Martin Luther King dedicated his life to love and to justic for his
fellow human beings, and he died because of that effort.
In this difficult day, in this difficult time for the United States,
it is perhaps well to ask what kind of a nation we are and what direction
we want to move in. For those of you who are black -- considering the
evidence their evidently is that there were white people who were responsible
-- you can be filled with bitterness, with hatred, and a desire for
revenge. We can move in that direction as a country, in great polarization
-- black people amongst black, white people amongst white, filled with
hatred toward one another.
Or we can make an effort, as Martin Luther King did, to understand and
to comprehend, and to replace that violence, that stain of bloodshed
that has spread across our land, with an effort to understand with compassion
and love.
For those of you who are black and are tempted to be filled with hatred
and distrust at the injustice of such an act, against all white people,
I can only say that I feel in my own heart the same kind of feeling.

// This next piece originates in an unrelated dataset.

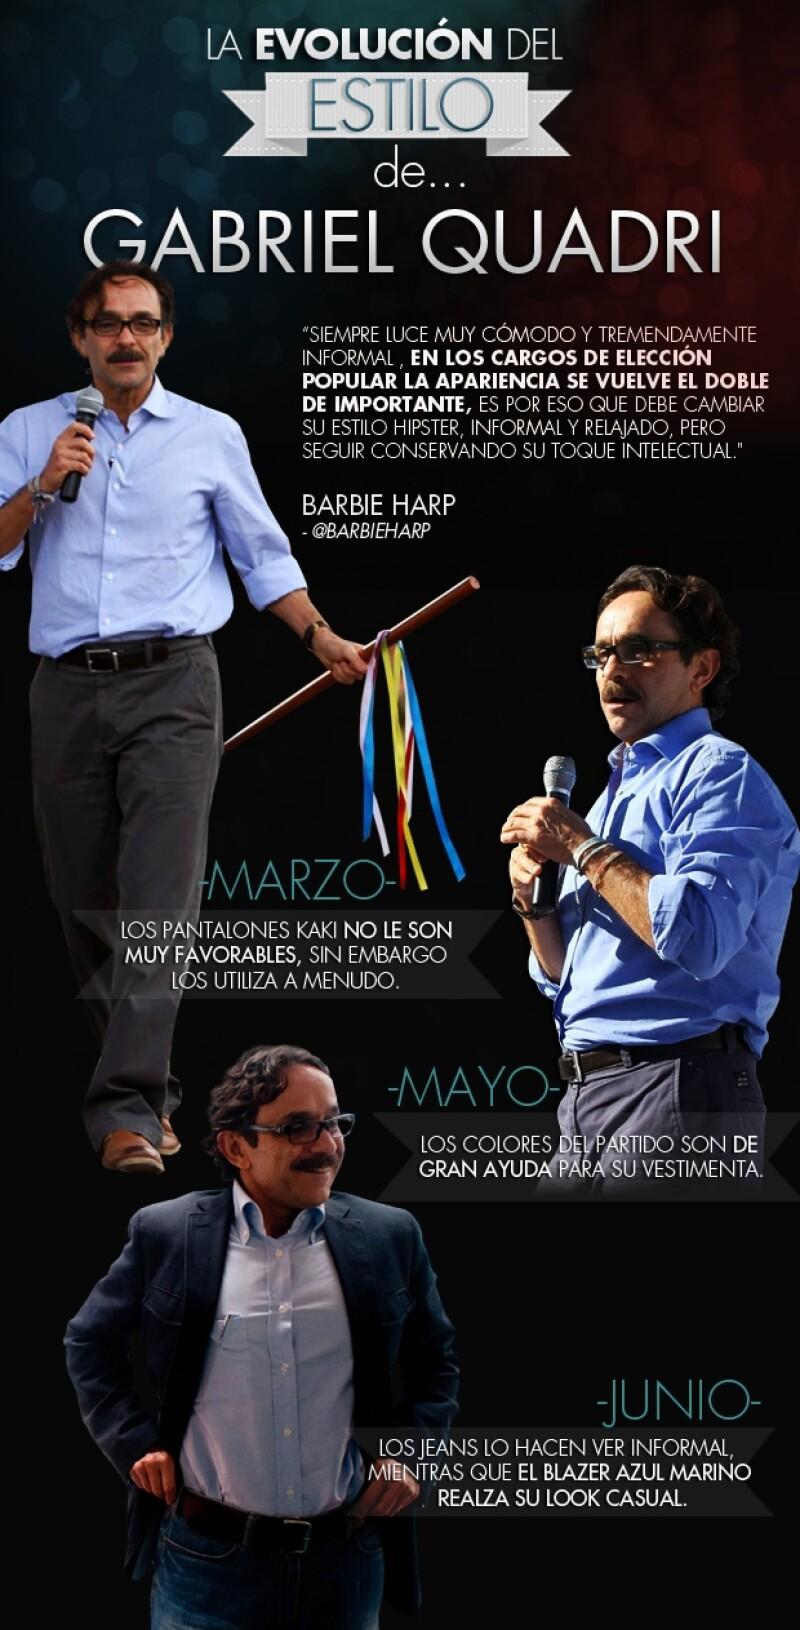 Te presentamos un breve análisis del estilo del candidato de Nueva Alianza a la presidencia, Gabriel Quadri.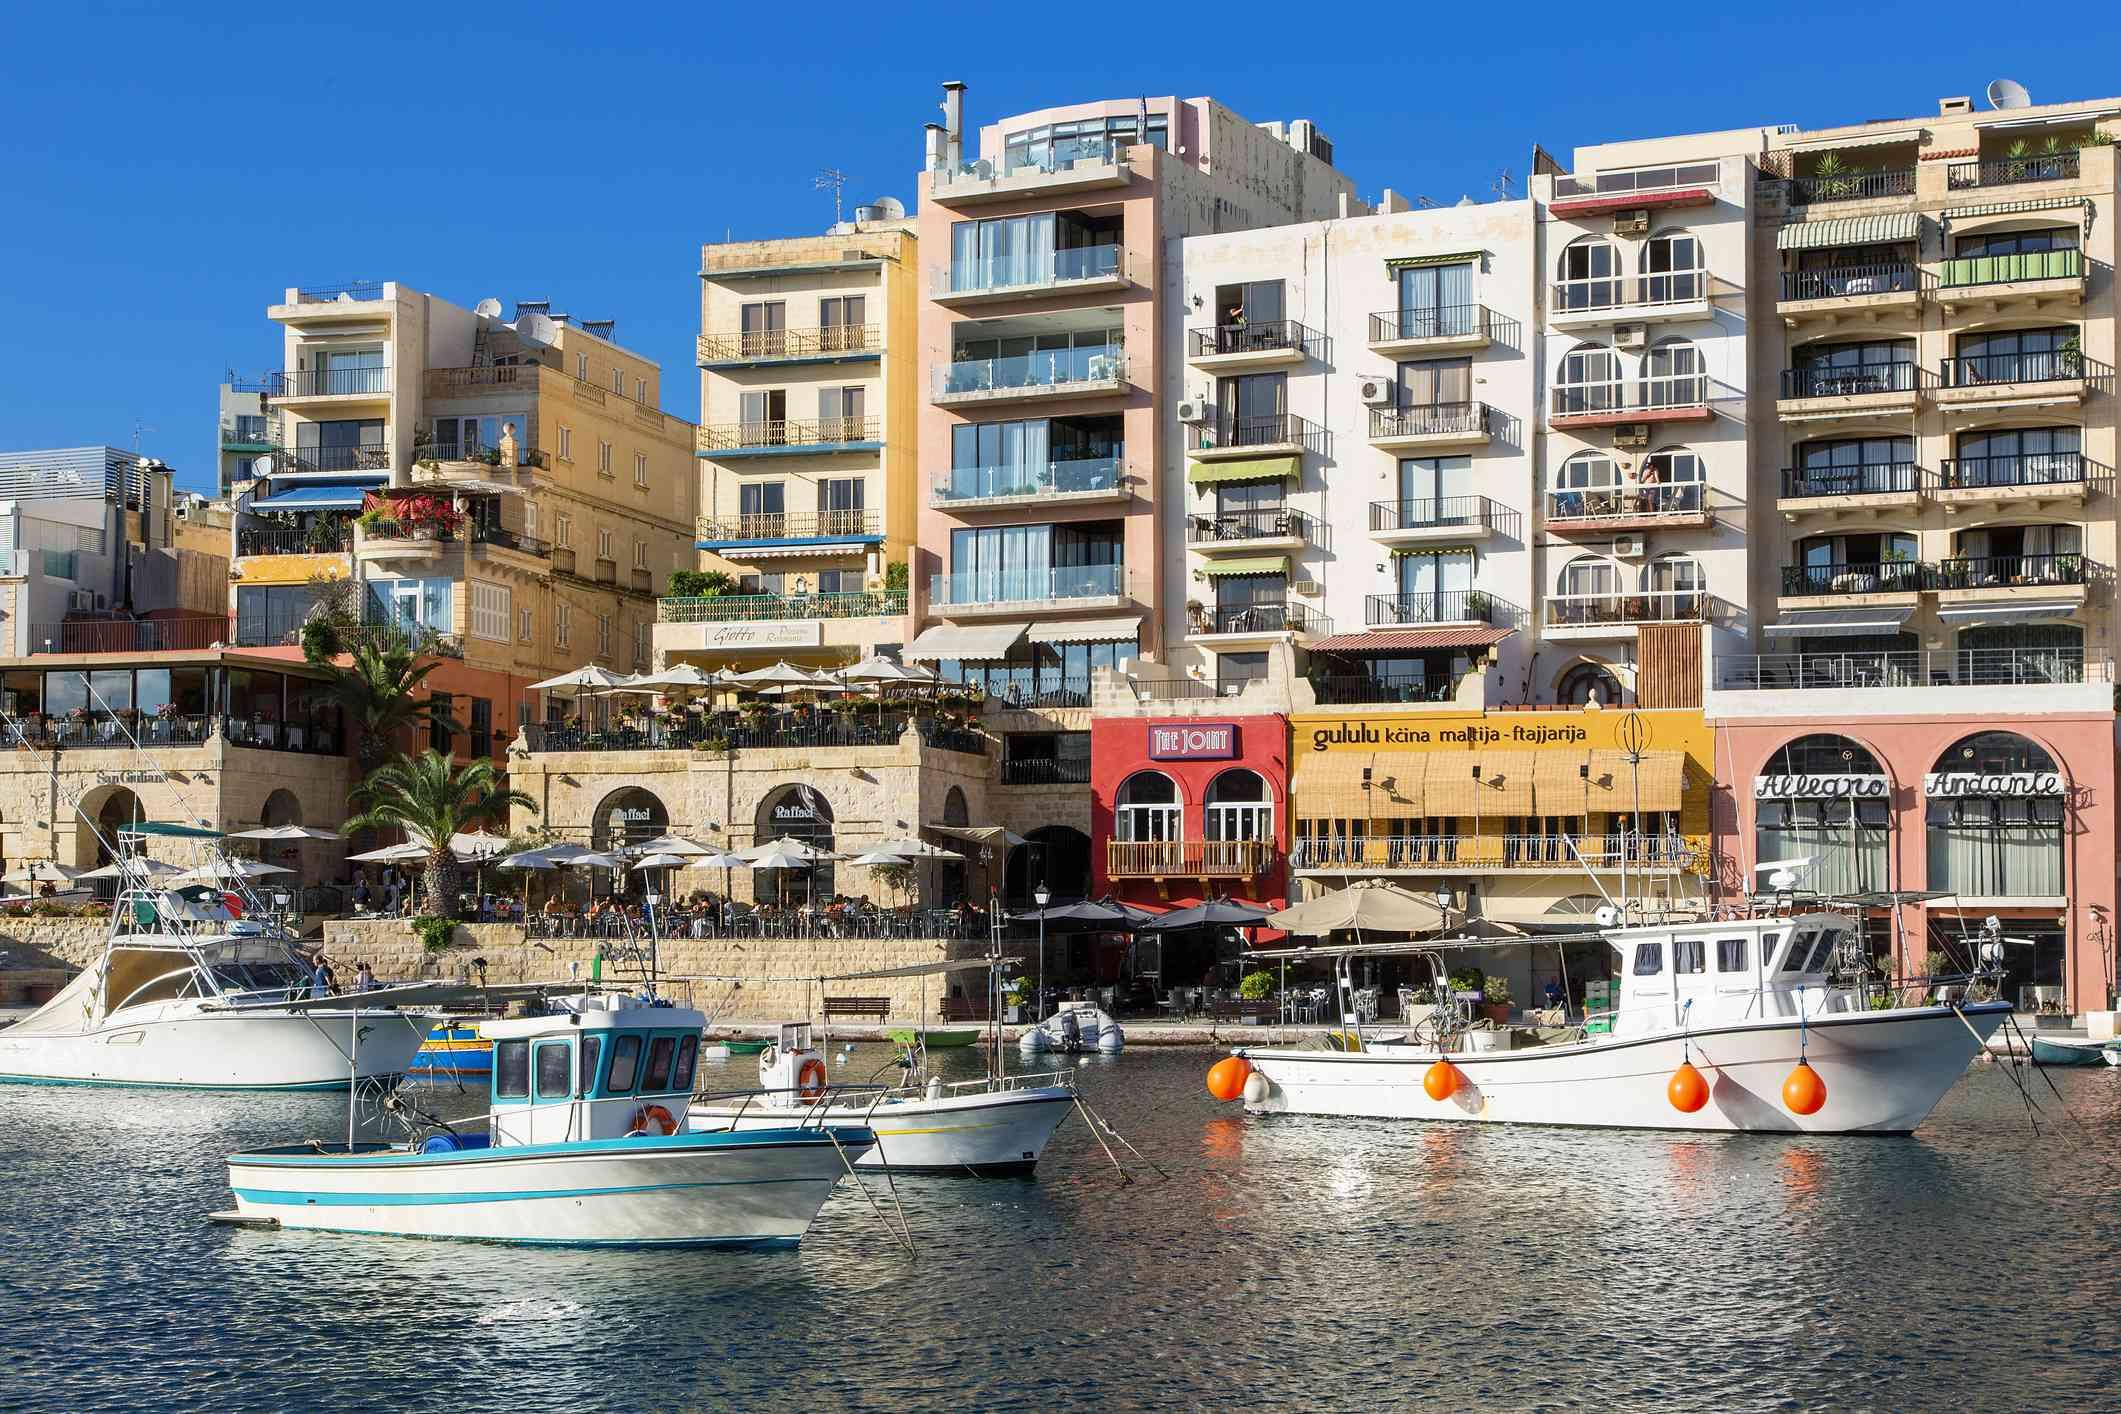 Spinola Bay in St. Julian, Malta

I had a member of my family killed, but he was killed by a white man.
But we have to make an effort in the United States, we have to make
an effort to understand, to go beyond these rathe difficult times.
My favorite poet was Aeschylus. He wrote: "In our sleep, pain which
cannot forget falls drop by drop upon the heart until, in our own despair,
against our will, comes wisdom through the awful grace of God."
What we need in the United States is not division; what we need in the
United States is not hatred; what we need in the United States is not
violence or lawlessness; but love and wisdom, and compassion toward
one another, and a feeling of justice toward those who still suffer
within our country, whether they be white or they be black.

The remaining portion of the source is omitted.